SHP2 phosphatase, encoded by the PTPN11 gene, is a non-receptor PTP, which plays an important role in growth factor, cytokine, integrin, hormone signaling pathways, and regulates cellular responses, such as proliferation, differentiation, adhesion migration and apoptosis. Many studies have reported that upregulation of SHP2 expression is closely related to human cancer, such as breast cancer, liver cancer and gastric cancer. Hence, SHP2 has become a promising target for cancer immunotherapy. In this paper, we reported the identification of compound 1 as SHP2 inhibitor.

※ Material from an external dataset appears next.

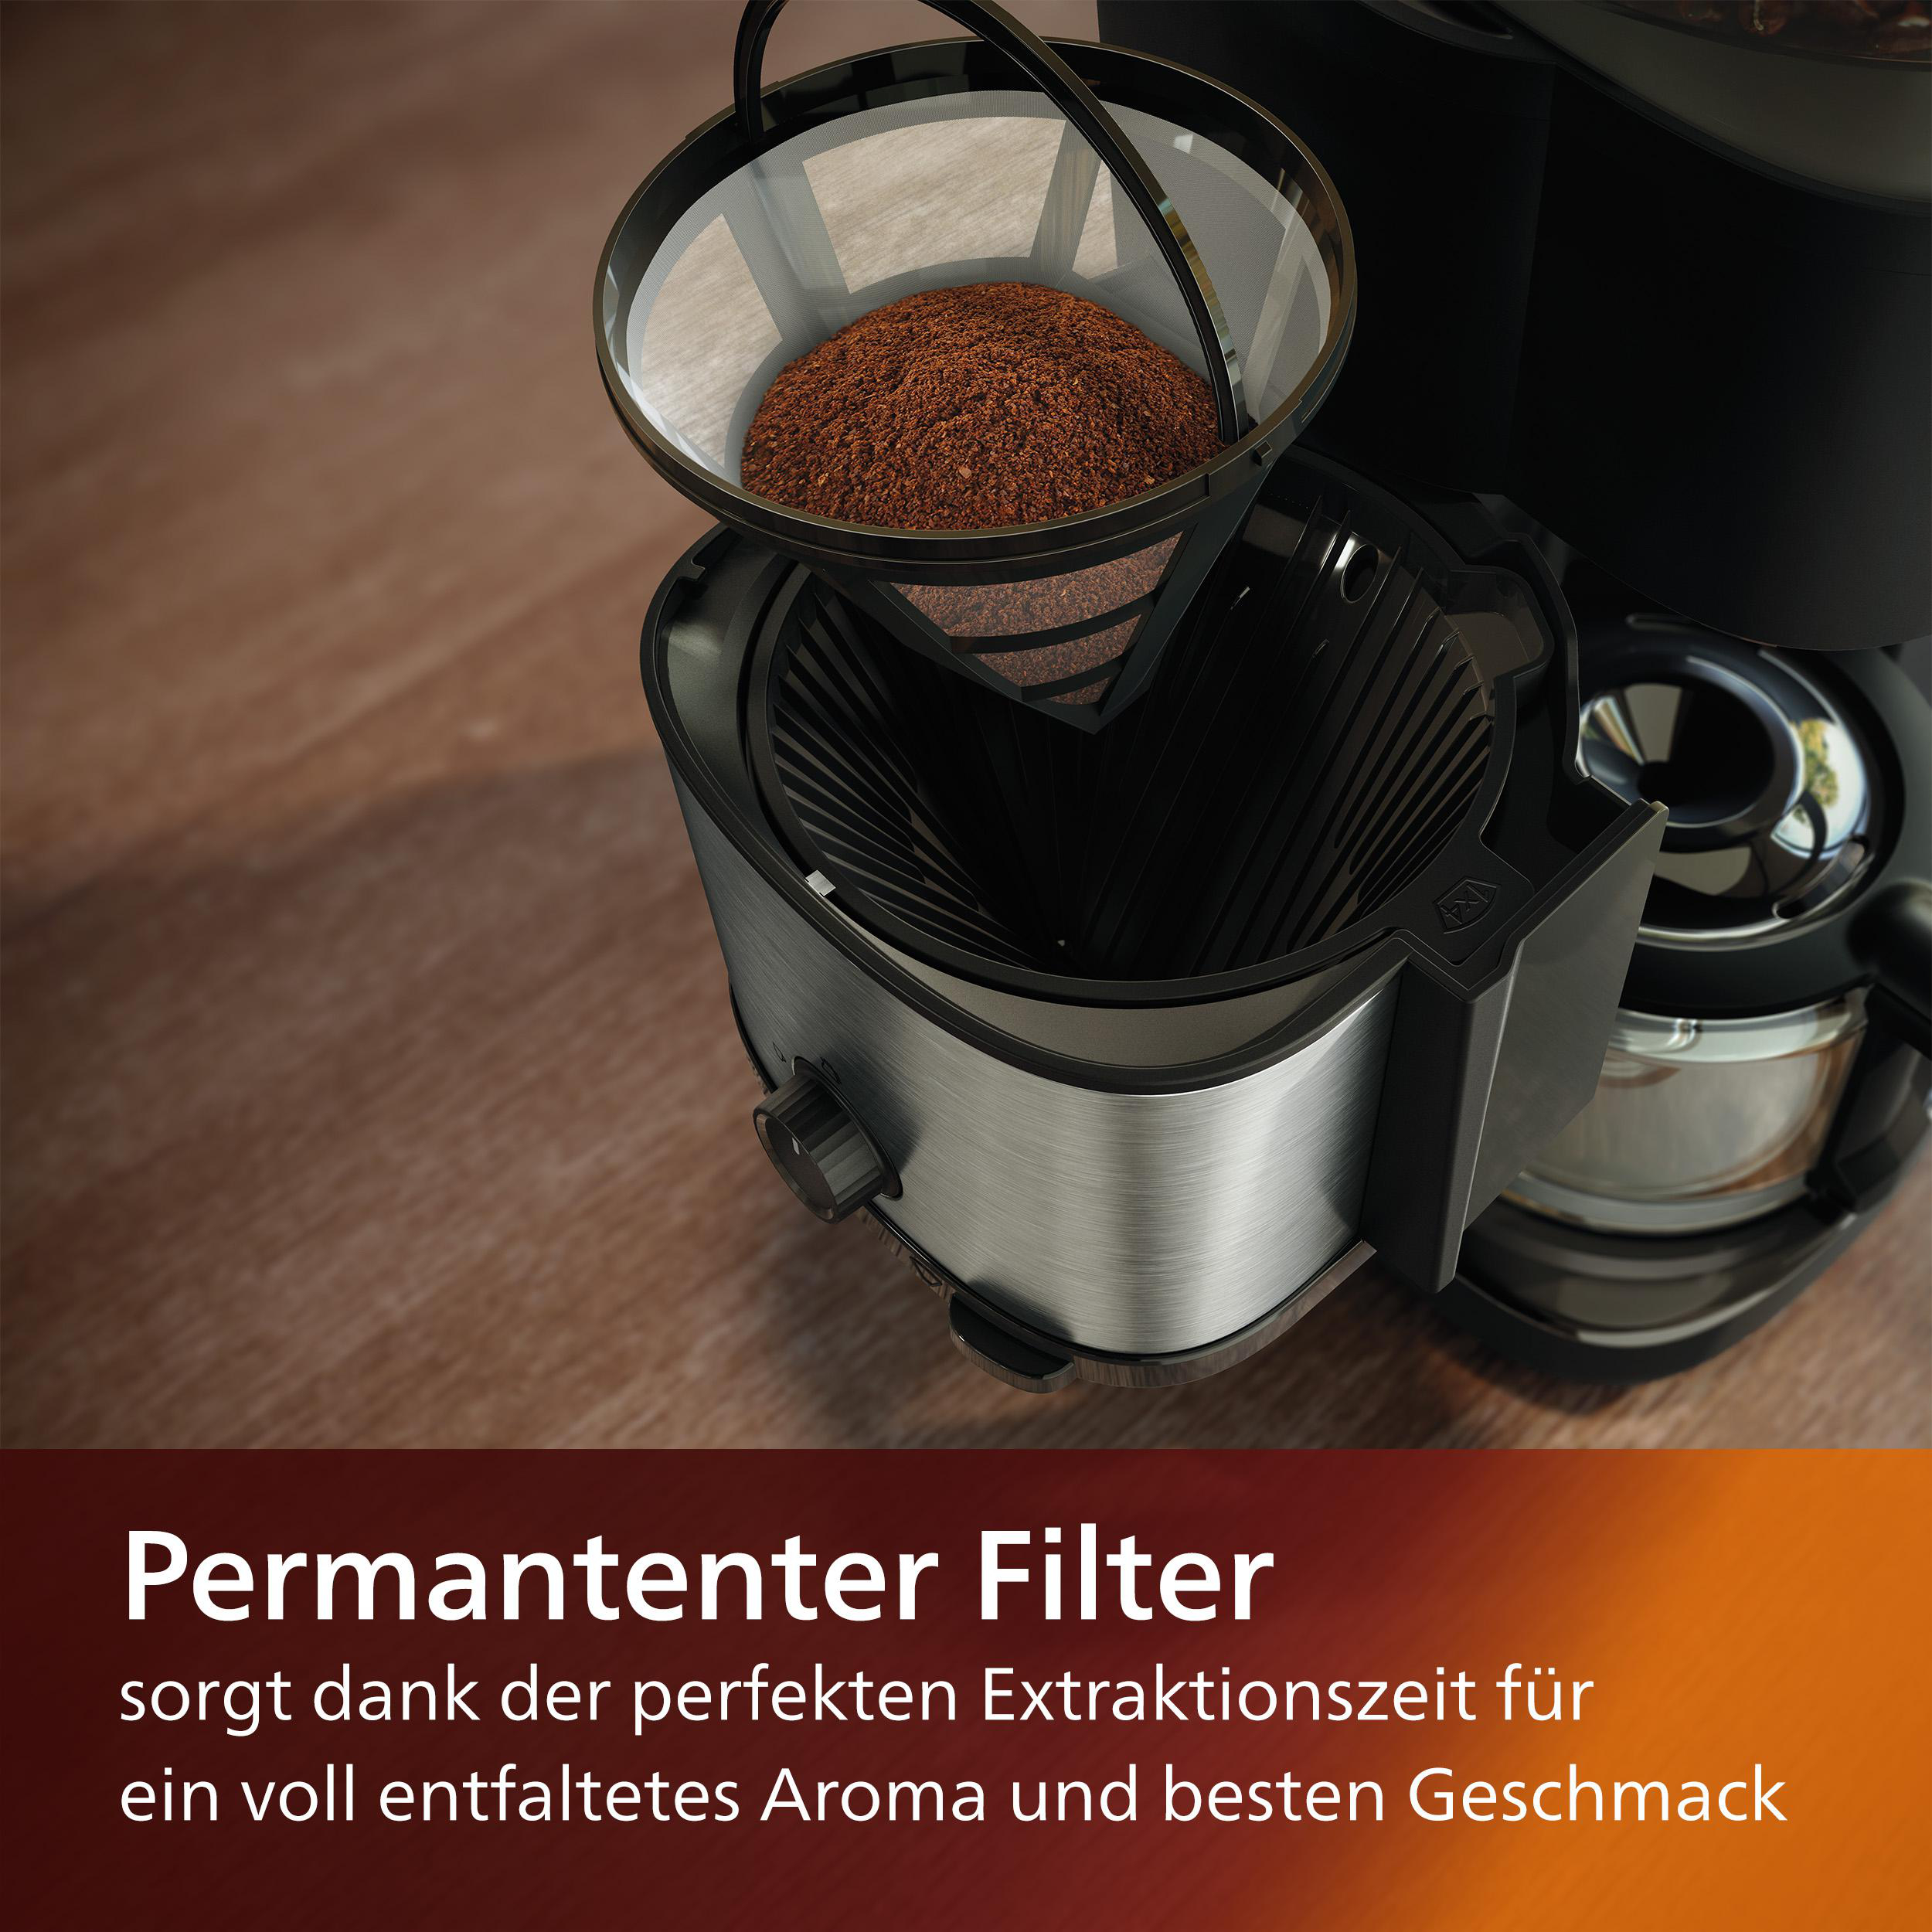 PHILIPS HD7900/50 All-in-1 Brew, mit Schwarz/Silber Kaffeemaschine inkl. Duo-Kaffeebohnenbehälter, Dosierlöffel und und Smart Permanentfilter Mahlwerk, Dosierung

Fragment-based ligand design, De novo design, ADMET and Molecular docking were performed to explore potential selective SHP2 allosteric inhibitors based on SHP836. The results of docking studies indicated that the selected compounds had higher selective SHP2 inhibition than existing inhibitors. Compound 1 was found to have a novel selectivity against SHP2 with an in vitro enzyme activity IC50 value of 9.97 μM. Fluorescence titration experiment confirmed that compound 1 directly bound to SHP2. Furthermore, the results of binding free energies demonstrated that electrostatic energy was the primary factor in elucidating the mechanism of SHP2 inhibition. Dynamic cross correlation studies also supported the results of docking and molecular dynamics simulation. This series of analyses provided important structural features for designing new selective SHP2 inhibitors as potential drugs and promising candidates for pre-clinical pharmacological investigations.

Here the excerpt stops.